Is there a way to set the txt created attached file correctly.
" I mean look at the hex codes, not open in a text editor."
...Sorry, but I don't understand how can I look at the hex codes!
After a lot of testing, here is what I found:
Example #1 with the Tom's script -> works fine.
Example #2 where I add some accentuated characters to the special characters of the first script -> createDataObject("Example2.Txt", "Some ascii text then, ©™Σ plus éèàôùïîÉÈÁÀ","text/html; charset=utf-16") -> works fine too.
Example #3 where I only indicated the accentuated characters -> createDataObject("Example2.Txt", "Some ascii text then, éèàôùïîÉÈÁÀ","text/html; charset=utf-16") -> doesn't work anymore.
So I decided to do an Example #4 where I add these special characters to my variable in end of the script before creating the txt data object and that works fine (why ????).
After several other tests I found I can add only one of these characters (©™Σ) at the beginning or at the end of my variable for working fine.
So, for my script, I found the solution which is to create the txt dataobject with these symbols (or just one) then to fill it with my variable and streamFromString then setDataObjectContents.
Thanks for reading and providing comments on this post.
"UTF-8 refers to the ANSI character set. So it won't properly translate Unicode Characters." I have to completely disagree. UTF-8 is designed to both include readable low ASCII and all Unicode characters too. It is the best and most recommended Unicode format for most purposes, UTF-16 is not nearly so flexible.
There is a module for Notepad++ to show Hex codes https://appuals.com/how-to-install-notepad-hex-editor-plugin/
Really I find guesswork terrifying! This is all extremely well defined once you know how the different encodings are used and represented.
You seem to be a specialist and must certainly be right. For my part, I don't understand a lot about these types of formats and I therefore try to find a solution for my script.

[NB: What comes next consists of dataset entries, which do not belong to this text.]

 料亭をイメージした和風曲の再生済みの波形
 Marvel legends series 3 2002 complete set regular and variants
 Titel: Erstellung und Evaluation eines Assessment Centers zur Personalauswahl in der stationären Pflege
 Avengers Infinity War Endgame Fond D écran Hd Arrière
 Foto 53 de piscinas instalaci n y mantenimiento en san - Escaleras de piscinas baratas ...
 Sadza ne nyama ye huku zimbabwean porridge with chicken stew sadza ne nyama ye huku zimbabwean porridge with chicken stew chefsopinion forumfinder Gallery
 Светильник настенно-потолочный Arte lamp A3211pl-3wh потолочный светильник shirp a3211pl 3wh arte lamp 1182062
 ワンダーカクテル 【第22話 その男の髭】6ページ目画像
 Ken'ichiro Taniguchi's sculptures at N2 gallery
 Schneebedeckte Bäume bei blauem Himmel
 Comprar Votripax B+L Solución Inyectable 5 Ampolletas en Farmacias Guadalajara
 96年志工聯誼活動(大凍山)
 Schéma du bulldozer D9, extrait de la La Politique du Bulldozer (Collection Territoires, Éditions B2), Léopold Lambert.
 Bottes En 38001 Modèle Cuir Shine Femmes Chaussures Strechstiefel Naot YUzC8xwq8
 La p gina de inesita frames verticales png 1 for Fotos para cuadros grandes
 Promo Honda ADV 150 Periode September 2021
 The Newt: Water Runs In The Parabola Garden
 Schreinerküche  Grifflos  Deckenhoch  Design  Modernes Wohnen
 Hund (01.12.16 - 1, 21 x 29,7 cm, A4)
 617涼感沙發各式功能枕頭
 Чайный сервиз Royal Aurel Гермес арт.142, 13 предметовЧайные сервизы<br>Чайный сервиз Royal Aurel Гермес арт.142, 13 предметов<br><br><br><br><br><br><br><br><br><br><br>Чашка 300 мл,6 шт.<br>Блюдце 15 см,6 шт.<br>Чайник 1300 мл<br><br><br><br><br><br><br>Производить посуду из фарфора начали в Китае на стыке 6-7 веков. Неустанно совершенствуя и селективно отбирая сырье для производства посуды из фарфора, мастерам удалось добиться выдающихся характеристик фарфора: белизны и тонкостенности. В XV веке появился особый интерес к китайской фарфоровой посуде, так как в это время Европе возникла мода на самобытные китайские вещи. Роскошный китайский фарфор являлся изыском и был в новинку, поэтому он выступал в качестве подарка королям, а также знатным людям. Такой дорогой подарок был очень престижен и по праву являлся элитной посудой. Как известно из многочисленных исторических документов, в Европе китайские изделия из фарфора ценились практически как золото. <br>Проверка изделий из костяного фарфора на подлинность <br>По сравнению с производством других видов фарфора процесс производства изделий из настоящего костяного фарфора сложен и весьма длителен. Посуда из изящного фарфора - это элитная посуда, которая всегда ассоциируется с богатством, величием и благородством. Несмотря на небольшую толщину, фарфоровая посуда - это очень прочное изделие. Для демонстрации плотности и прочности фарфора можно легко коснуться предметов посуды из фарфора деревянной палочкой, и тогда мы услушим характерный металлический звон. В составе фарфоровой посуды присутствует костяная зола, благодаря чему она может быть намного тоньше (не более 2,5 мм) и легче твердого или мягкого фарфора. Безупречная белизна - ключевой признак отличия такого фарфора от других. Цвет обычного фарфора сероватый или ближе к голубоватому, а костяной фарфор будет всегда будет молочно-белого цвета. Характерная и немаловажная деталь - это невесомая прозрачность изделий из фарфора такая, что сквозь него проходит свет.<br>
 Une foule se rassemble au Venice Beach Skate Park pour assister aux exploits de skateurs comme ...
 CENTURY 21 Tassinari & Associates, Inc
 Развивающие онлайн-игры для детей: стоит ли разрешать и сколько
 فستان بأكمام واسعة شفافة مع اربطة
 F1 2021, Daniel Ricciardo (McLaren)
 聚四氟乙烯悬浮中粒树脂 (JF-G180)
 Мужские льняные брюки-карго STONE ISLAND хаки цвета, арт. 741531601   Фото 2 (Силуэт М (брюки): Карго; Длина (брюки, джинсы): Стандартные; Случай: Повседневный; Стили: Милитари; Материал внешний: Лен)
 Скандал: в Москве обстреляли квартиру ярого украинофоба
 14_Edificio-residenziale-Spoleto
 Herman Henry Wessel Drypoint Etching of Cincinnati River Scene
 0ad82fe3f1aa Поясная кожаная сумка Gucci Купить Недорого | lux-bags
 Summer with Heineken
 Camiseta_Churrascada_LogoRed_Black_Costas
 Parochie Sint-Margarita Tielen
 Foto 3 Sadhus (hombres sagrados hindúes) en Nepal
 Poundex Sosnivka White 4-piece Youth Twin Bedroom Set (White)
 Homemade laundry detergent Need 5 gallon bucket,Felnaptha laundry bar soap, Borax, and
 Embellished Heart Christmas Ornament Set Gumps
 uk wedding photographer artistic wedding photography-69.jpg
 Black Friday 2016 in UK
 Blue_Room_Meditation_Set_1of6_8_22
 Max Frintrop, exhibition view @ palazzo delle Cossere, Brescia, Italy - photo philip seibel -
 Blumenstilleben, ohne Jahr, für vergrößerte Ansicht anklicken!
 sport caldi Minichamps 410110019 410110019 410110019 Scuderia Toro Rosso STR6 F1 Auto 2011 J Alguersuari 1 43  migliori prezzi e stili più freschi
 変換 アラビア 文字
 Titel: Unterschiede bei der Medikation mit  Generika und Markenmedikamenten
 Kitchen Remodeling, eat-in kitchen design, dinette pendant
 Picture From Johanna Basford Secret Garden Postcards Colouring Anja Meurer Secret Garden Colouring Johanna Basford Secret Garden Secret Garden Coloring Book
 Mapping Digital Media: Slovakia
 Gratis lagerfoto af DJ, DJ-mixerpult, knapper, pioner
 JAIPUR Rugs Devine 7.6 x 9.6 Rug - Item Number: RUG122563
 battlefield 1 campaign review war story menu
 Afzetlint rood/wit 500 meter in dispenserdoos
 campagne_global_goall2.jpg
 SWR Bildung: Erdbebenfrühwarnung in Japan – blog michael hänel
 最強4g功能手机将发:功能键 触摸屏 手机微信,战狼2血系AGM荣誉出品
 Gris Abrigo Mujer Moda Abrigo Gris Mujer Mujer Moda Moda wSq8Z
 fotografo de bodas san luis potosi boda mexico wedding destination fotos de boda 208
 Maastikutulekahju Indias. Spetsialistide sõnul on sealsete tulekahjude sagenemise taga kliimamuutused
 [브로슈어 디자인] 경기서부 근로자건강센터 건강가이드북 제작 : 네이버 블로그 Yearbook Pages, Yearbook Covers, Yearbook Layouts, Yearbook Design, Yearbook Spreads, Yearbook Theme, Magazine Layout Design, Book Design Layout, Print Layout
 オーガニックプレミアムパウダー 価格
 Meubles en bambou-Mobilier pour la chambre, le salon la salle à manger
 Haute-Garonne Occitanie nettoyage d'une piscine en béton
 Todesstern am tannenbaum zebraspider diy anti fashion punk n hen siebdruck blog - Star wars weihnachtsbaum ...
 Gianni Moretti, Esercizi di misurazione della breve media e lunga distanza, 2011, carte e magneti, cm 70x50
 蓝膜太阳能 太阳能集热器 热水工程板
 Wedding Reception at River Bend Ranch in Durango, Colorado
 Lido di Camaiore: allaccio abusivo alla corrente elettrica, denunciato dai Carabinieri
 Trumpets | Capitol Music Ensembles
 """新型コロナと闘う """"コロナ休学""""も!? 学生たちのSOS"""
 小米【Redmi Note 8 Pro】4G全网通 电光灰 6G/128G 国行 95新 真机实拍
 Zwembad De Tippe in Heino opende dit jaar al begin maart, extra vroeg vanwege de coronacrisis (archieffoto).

Do you have a good cMIMEType parameter to set directly the creating of the data object?
Do you know how to read the hex codes on Mac?
In Mac I would just use the command line for short files. If you are happy with the command line you can use
od -xa filename
which shows hex on one line, and ASCII characters on the next.
...and the result for a short file is:
What can you deduce?
We can see it is NOT UTF-16 because that would have 00 in most character pairs.
Let's look at the line containing Pr??vu
We can see the hex codes 69 6d a9 c3 75 76. The interesting part, the ? ? is a9 c3. Annoyingly these od options reverse each pair of bytes so what we actually want is c3a9.
Here we come into guesswork, but I'll assume these are recognisable European words.
Do you mean "U+FEFF" is the charset to indicate for the cMIMEType parameter?
No, it needs to get directly into the file as the first three bytes.
Thanks for your help.
I have the same issue than bebarth.
When created from a variable, the attachment encoding is an issue.
According to my tests it depends on the computer used:
Acrobat Mac = Western MacOS Roman
Acrobat Windows = Western Windows Latin 1
So far so good since until now in the process used by my documents the users does not change computers to open the attachment they just created, but it is not correct.
But we cannot use Thom's tip (updating a previously created attachment) when both the PDF and its attachment are created on the fly.
If you want a true sample of this issue install my (free) FormReport utility and use it on a Mac and on a Windows computer : the attachment encoding is not the same … but the script is the same.